Senator Hillary Clinton got this immediately, as did Congressman Jerrold Nadler, who fought to save the High Line from demolition in the 1980s. “The moment I heard it, I thought it was a fantastically good idea,” he says. “No one would think of building it to make a park—really it’s comparatively cheap to make a great thing there.” Recently Clinton, Nadler, and Senator Charles Schumer secured $18 million in federal transportation funding for construction of the High Line.

There is one piece of advice the Friends got early on that allowed the High Line to win so many supporters: don’t get too specific too early. FHL built consensus by letting people dream their own dreams—be they of parks, economic development, cutting-edge architecture, or saving New York’s disappearing industrial past. One of the steps the group is still proudest of is the call for ideas, which drew 720 entries including a linear swimming pool, a roller coaster, and a prison.

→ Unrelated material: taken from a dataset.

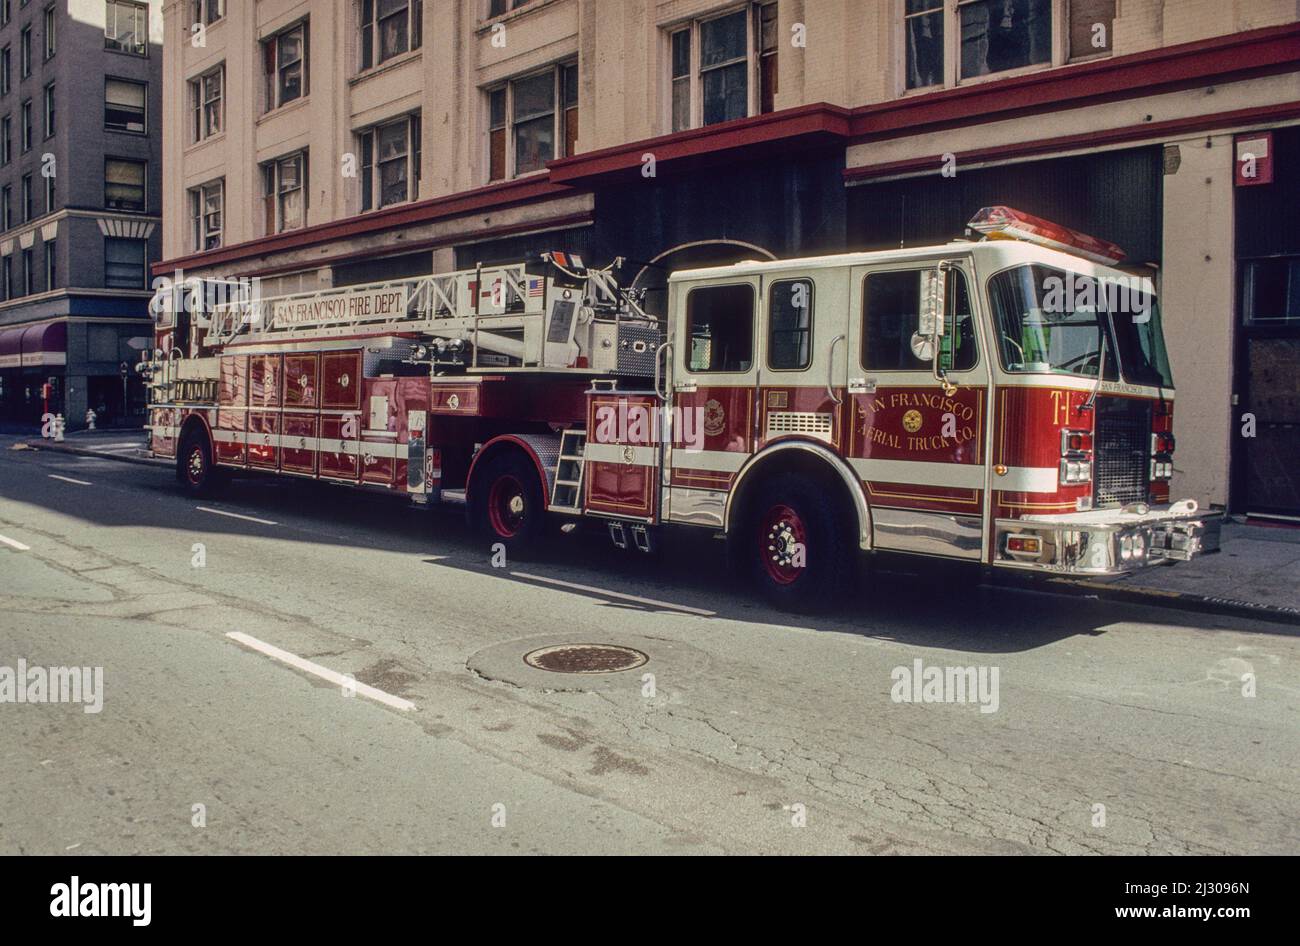 Der Drehleiterwagen Nr. 1 der Feuerwehr von San Francisco geparkt im Stadtzentrum. - Fire Truck No. 1 of the San Francisco Fire Department, a tiller truck, parked in downtown S.F. Stock Photo

Though a preliminary design is now in place and media coverage of it has bordered on endless, the High Line has not lost its glow. “It’s a project that’s been hyped for six years, but it’s still completely fresh, new, and exotic,” Burden says. Part of that glow is the simple difference between the words for and against. “The model for community groups is stopping some kind of change,” David says. “We became an organization about creating something.”